И поймала едва различимый смешок
— Воистину так, мастер Ясмин, воистину так. Красота, сравнимая с божественной, и вонь свиного хлева.
Вот так, весело перебрасываясь смешками и остротами, они добрались до крыльца ее покоев, выходящих в сад.
— Здесь, — с некоторым изумлением, сказал Эгир, — очень хорошо. Просто очень хорошо.
Ясмин огляделась и словно увидела свой милый заоконный садик впервые. Резная, тонкой работы беседка, мраморное зеркало пруда, поймавшее в свой омут круглый мяч заходящего солнца, гамма роз от молочного до жгучего индиго, похожего на чёрную пену этим, пока ещё не ярким вечером. Да здесь было не просто хорошо. Здесь было волшебно!

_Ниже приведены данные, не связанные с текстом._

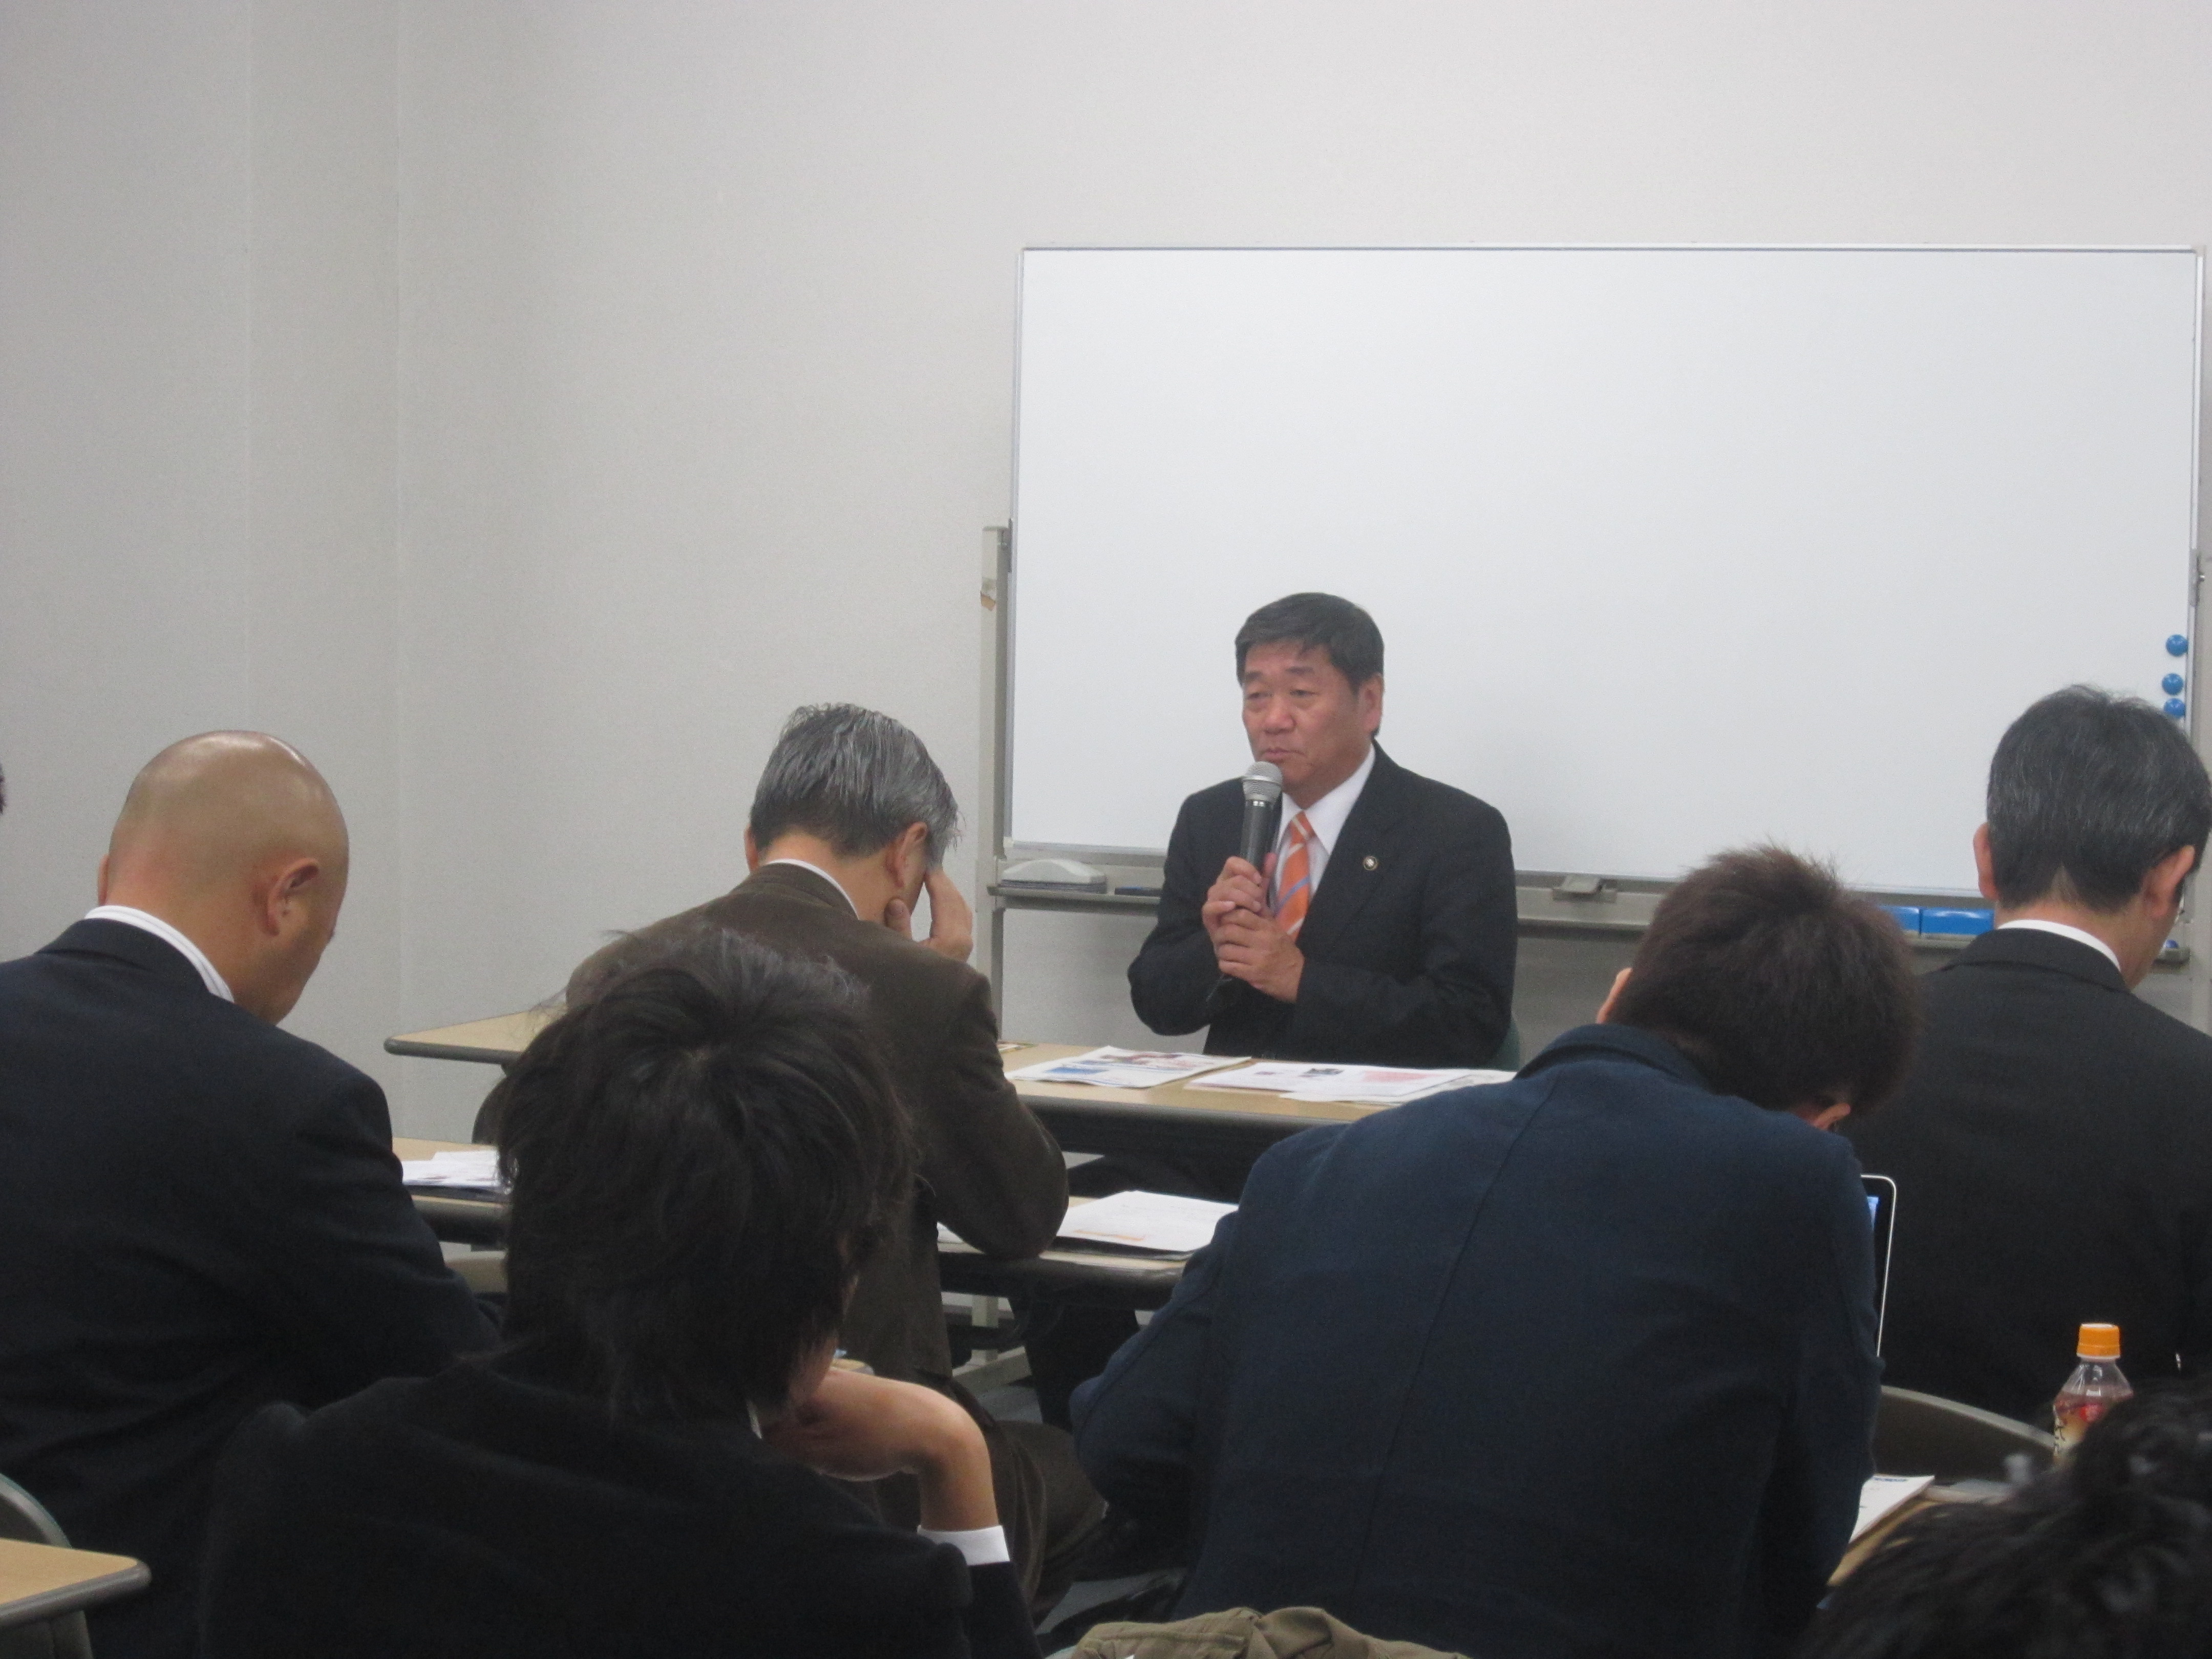 IMG 1914 - 2012年11月27日AOsuki第4回勉強会八戸市小林市長
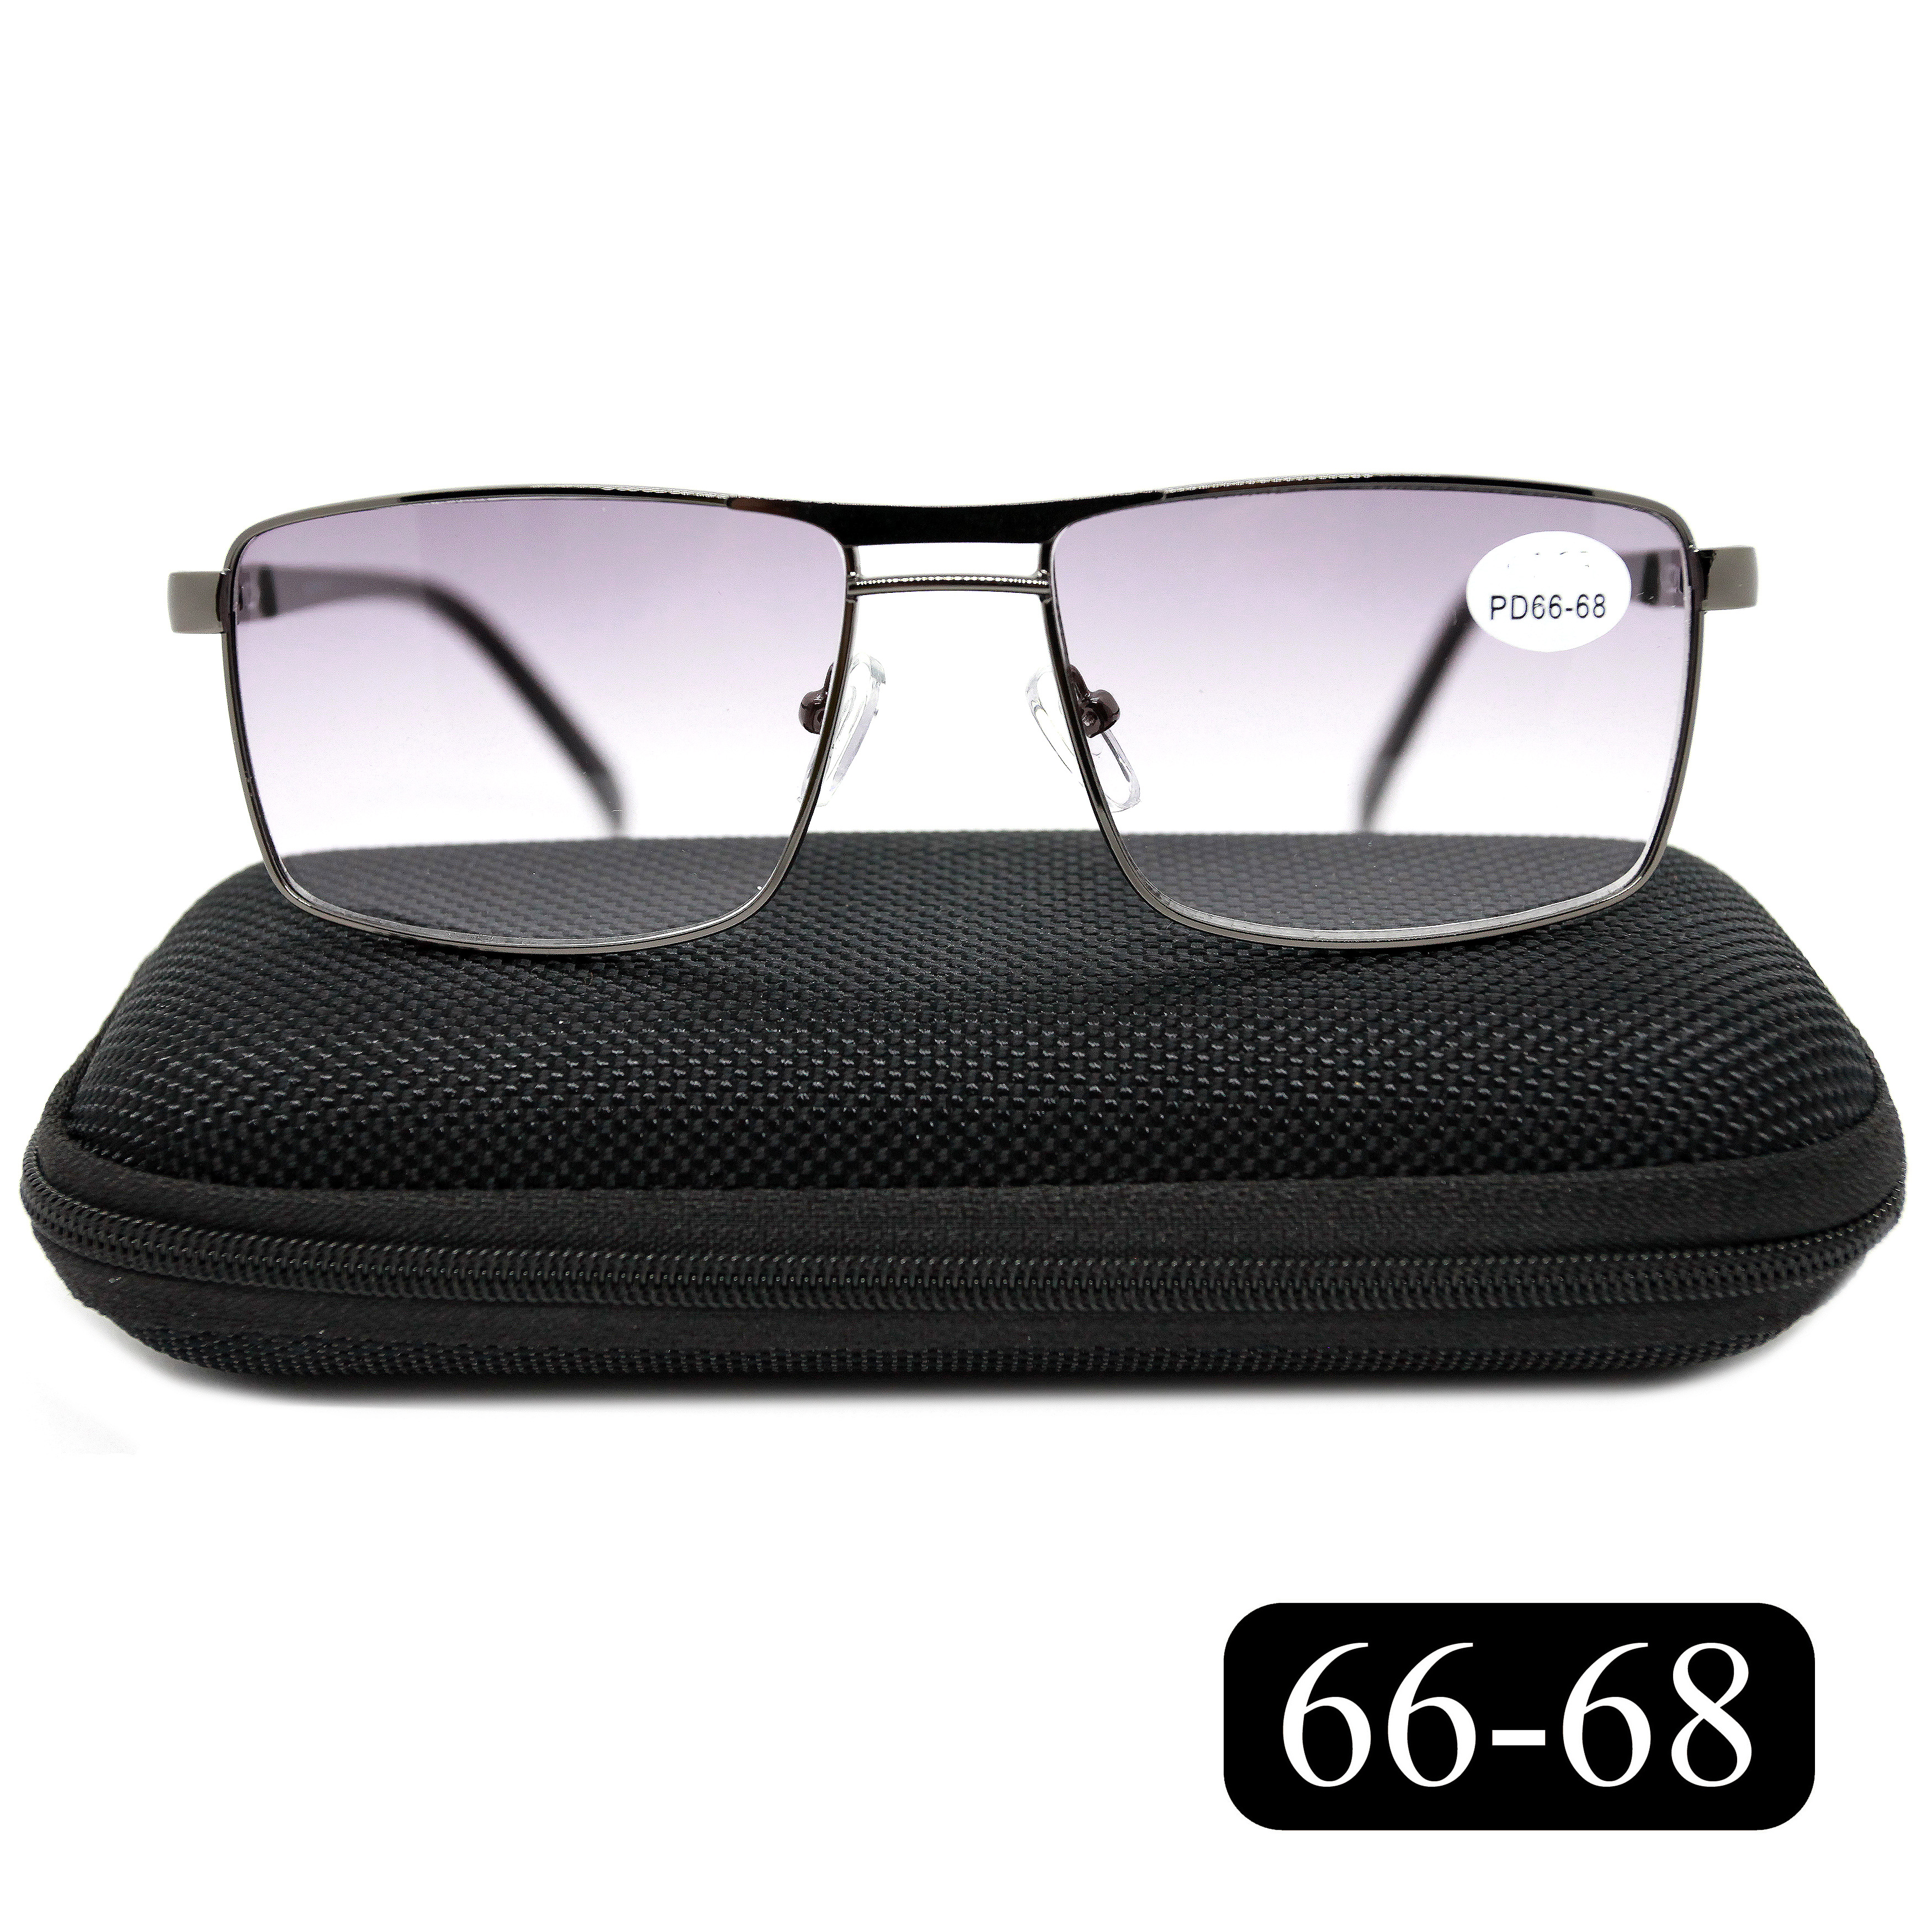 Готовые очки Salivio 5009 +1,75, c футляром, с тонировкой, черный, РЦ 66-68

— Да, — запинаясь, согласилась она. — Очень хорошо. Благодарю, что проводили меня, мастер Эгир, это был очень приятный вечер.
— Это мне стоит бла…
Договорить он не успел. Из темноты розовых кустов вычленилась медведоподобная фигура Хрисанфа и с явной игрой на перепуганную публику косолапо прошлась по садовой белой дорожке к ним.
Эгир — стоило отдать ему должное — не дрогнув, автоматически выступил вперёд, загораживая ее. Хрисанф был ему малознаком, и проявление рыцарских качеств умиляло до слез. Надо же. Не сдрейфил.
— А я уж заждался тебя, Миночка. Ну куда тебя понесло на ночь глядя с твоими-то ранами?
— Да я только прогуляться, — послушно оправдалась Ясмин.
Хрисанф был на ее стороне с той секунды, как ее окатил газ, а она прощала и принимала его мелкие слабости. Такие как беспричинная ревность, уменьшительно-ласкательные и желание припугнуть поклонника. У него было прав на Ясмин много больше, чем у неё самой. Особенно теперь, когда от его любимой женщины осталась только оболочка.
— Мастер Усиляющей длани, доброго заката, — пробормотал Эгир. — Я лишь проводил мастера Ясмин…
— Благодарю вас, — тут же отреагировала Ясмин.
Она чувствовала напряженность Эгира и недовольство Хрисанфа, и не хотела их сталкивать. Ей было неловко под их изучающими взглядами.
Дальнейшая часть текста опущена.